I would like to implement word2vec algorithm in keras, Is this possible? How can I fit the model? Should I use custom loss function?
Is this possible?
You've already answered it yourself: yes. In addition to word2veckeras
, which uses gensim
, here's another CBOW implementation that doesn't have extra dependencies (just in case, I'm not affiliated with this repo). You can use them as examples.
How can I fit the model?
Since the training data is the large corpus of sentences, the most convenient method is model.fit_generator
, which "fits the model on data generated batch-by-batch by a Python generator". The generator runs indefinitely yielding (word, context, target)
CBOW (or SG) tuples, but you manually specify sample_per_epoch
and nb_epoch
to limit the training. This way you decouple sentence analysis (tokenization, word index table, sliding window, etc) and actual keras model, plus save a lot of resources.

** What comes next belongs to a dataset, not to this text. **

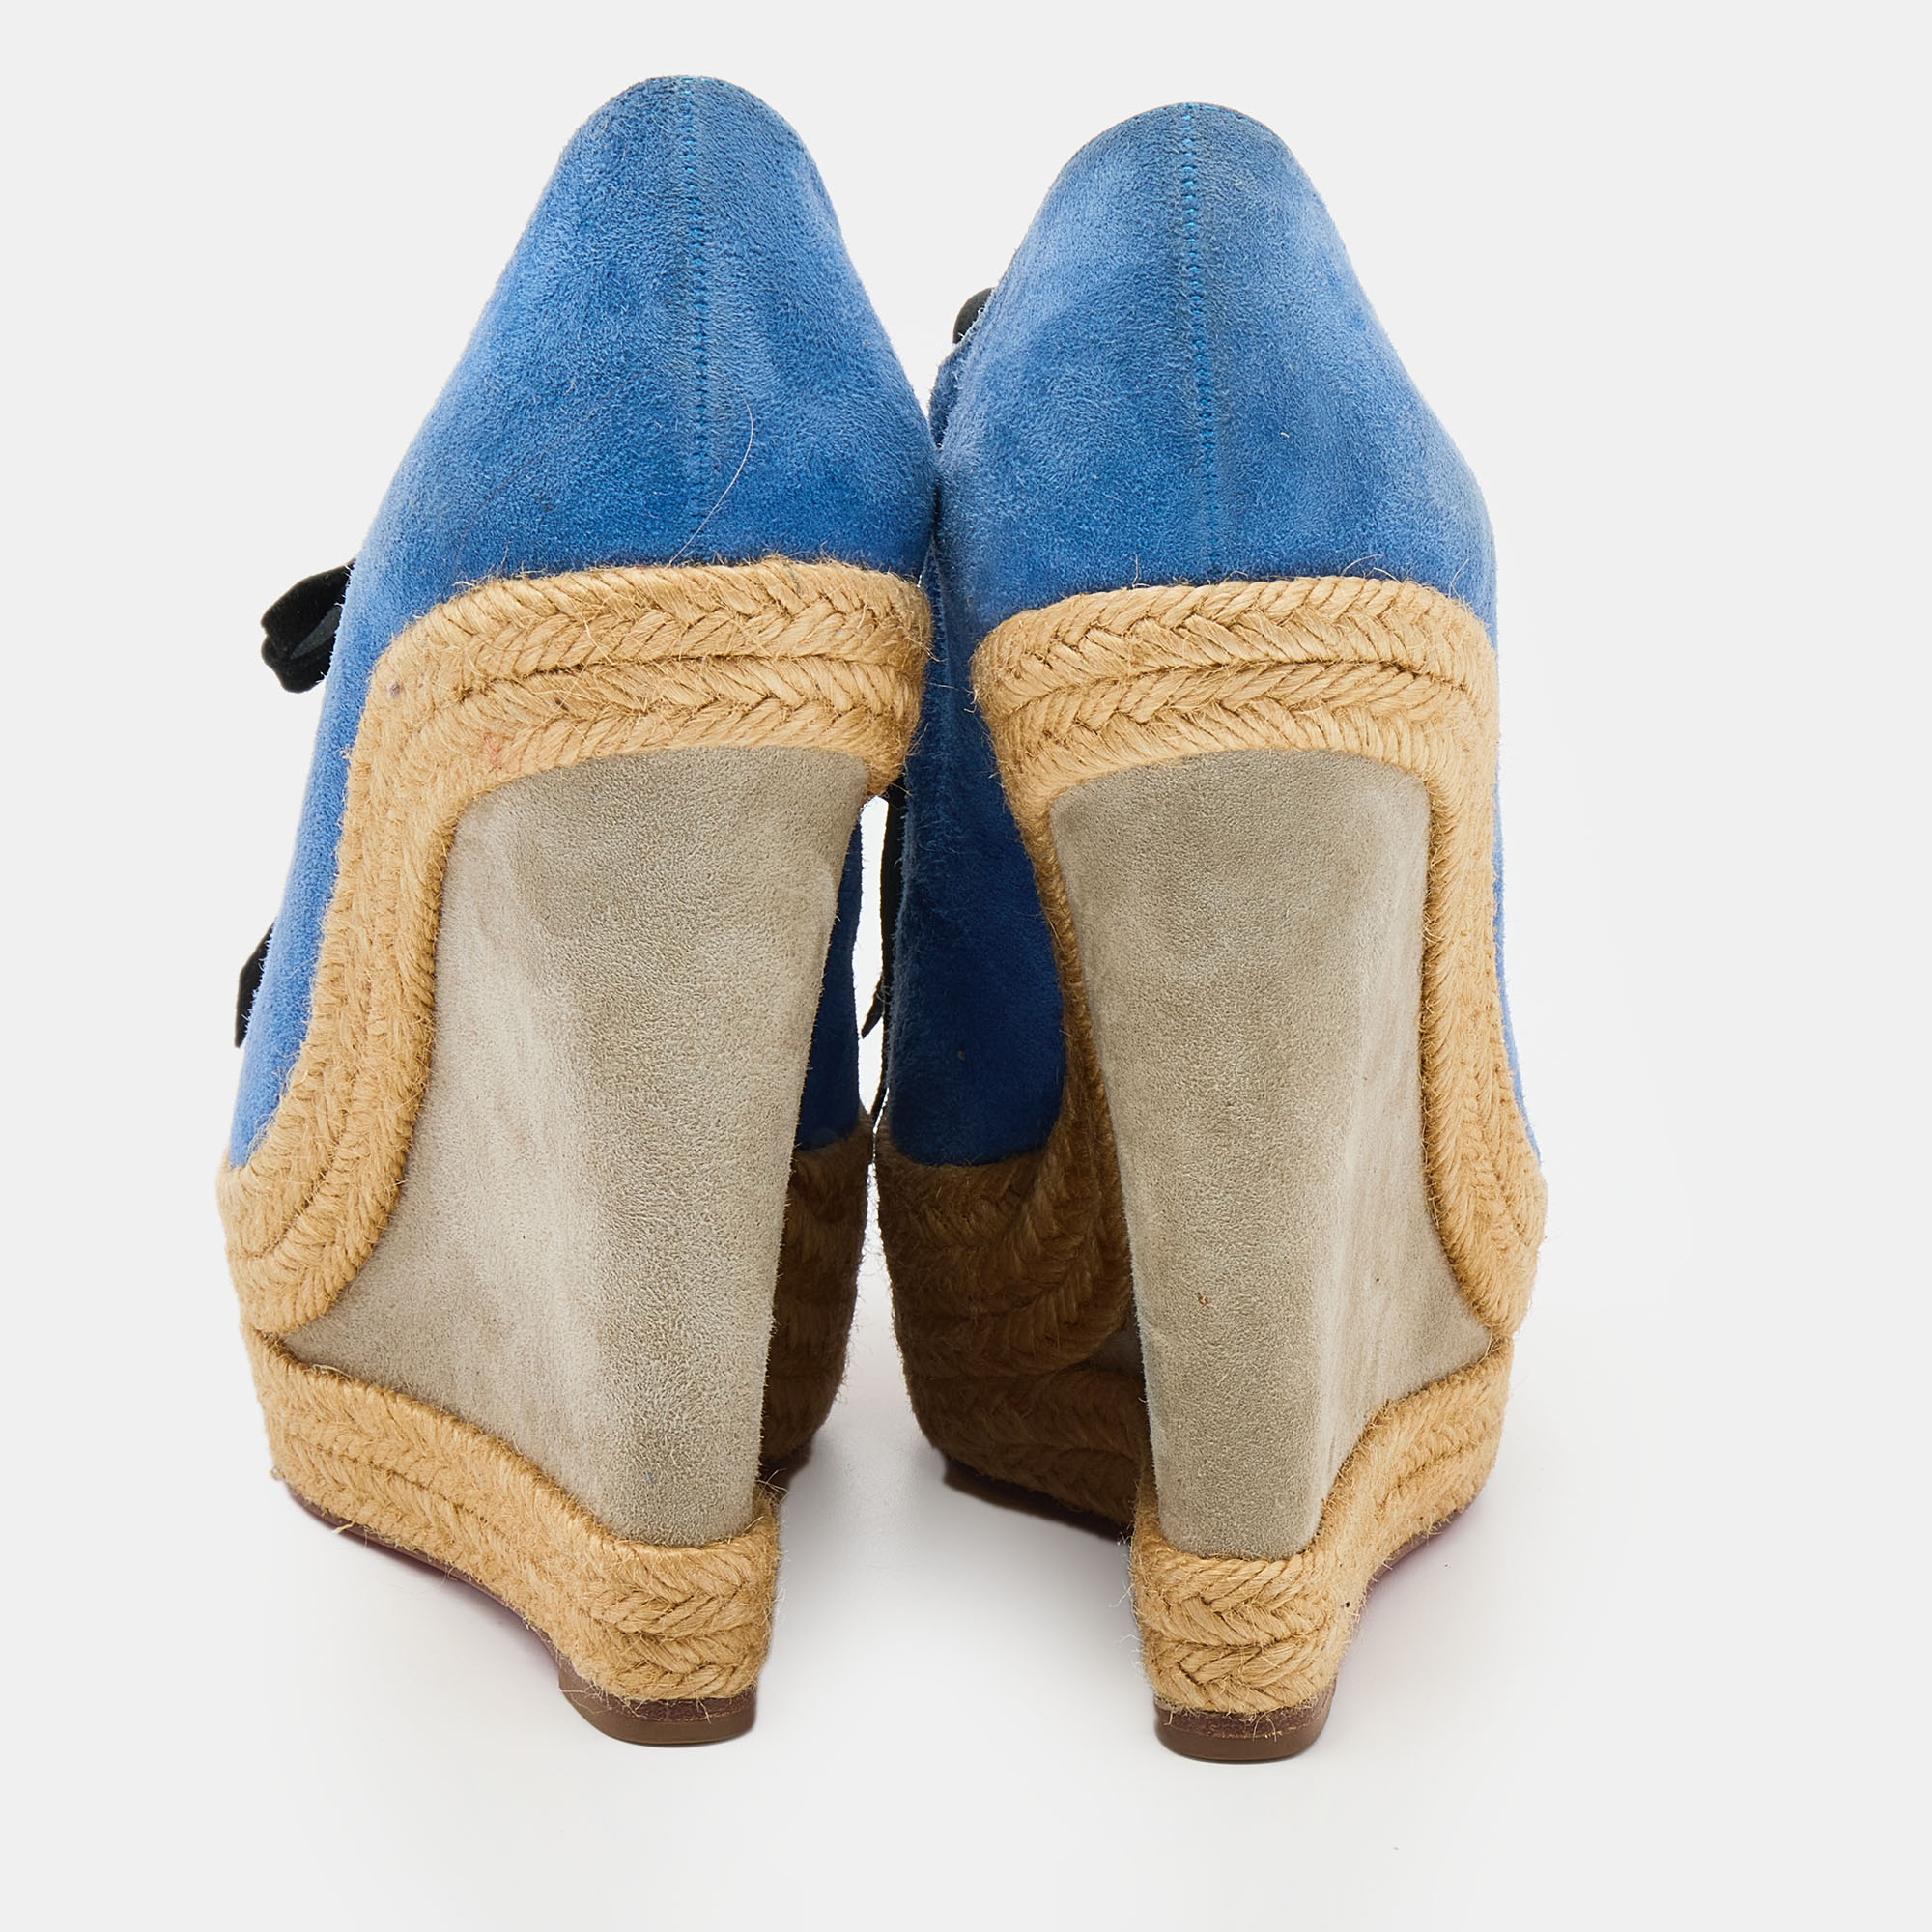 Christian Louboutin Blue/Grey Suede Lace Up Espadrille Platform Wedge Sandals Size 37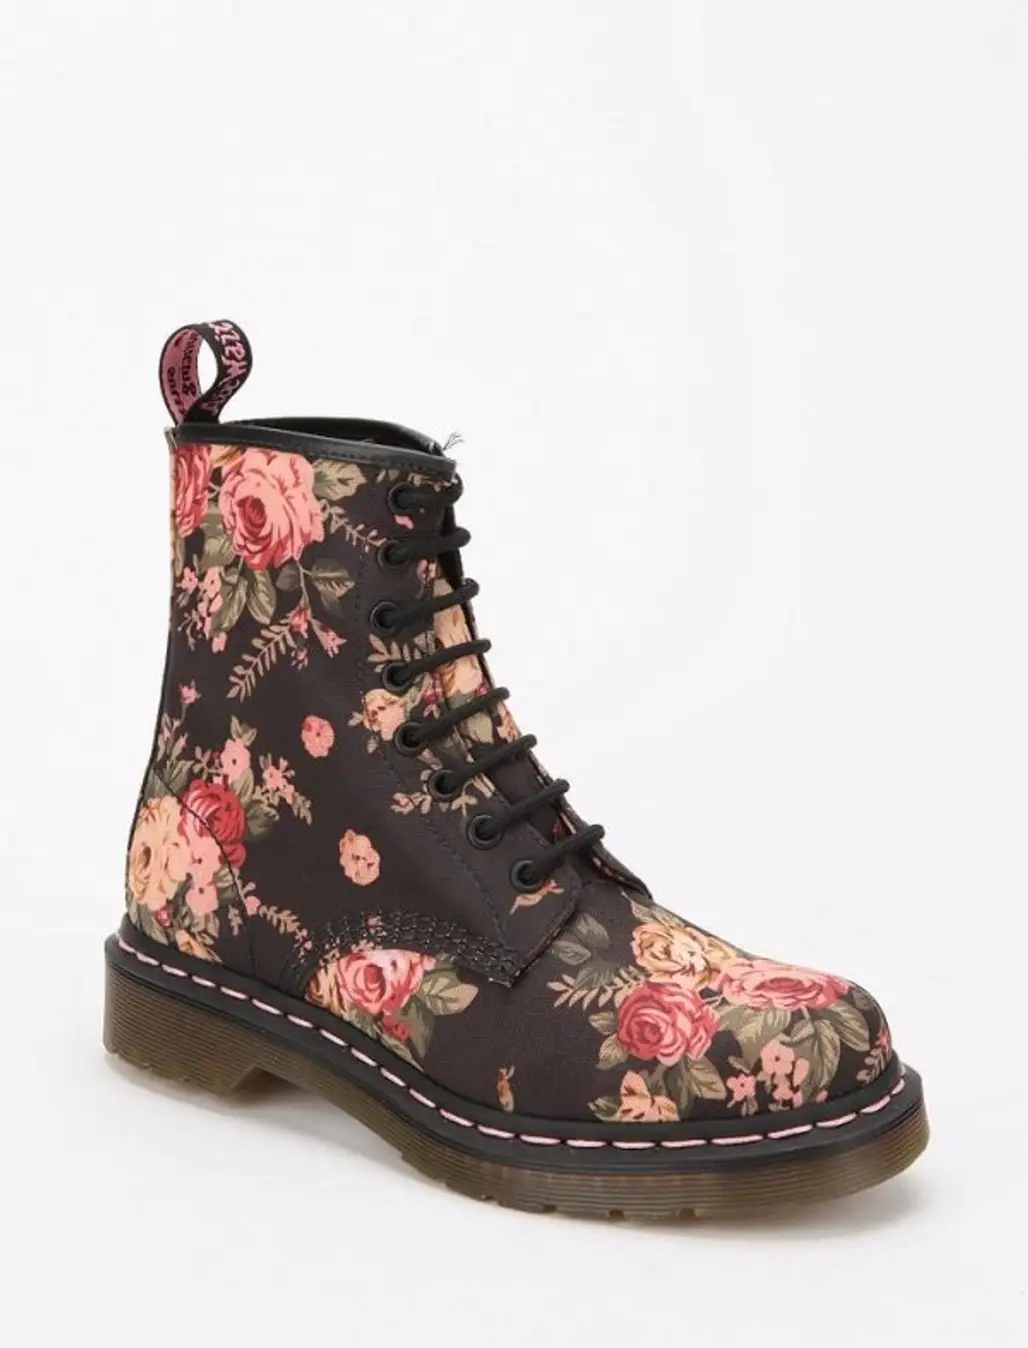 Classic Doc Marten Floral Boots

Should I use custom loss function?
CBOW minimizes the distance between the predicted and true distribution of the center word, so in the simplest form categorical_crossentropy
will do it.
If you implement negative sampling, which is a bit more complex, yet much more efficient, the loss function changes to binary_crossentropy
. Custom loss function is unnecessary.
For anyone interested in details of math and probabilistic model, I highly recommend CS224D class by Stanford. Here is the lecture notes about word2vec, CBOW and Skip-Gram.
Another useful reference: word2vec implementation in pure numpy
and c
.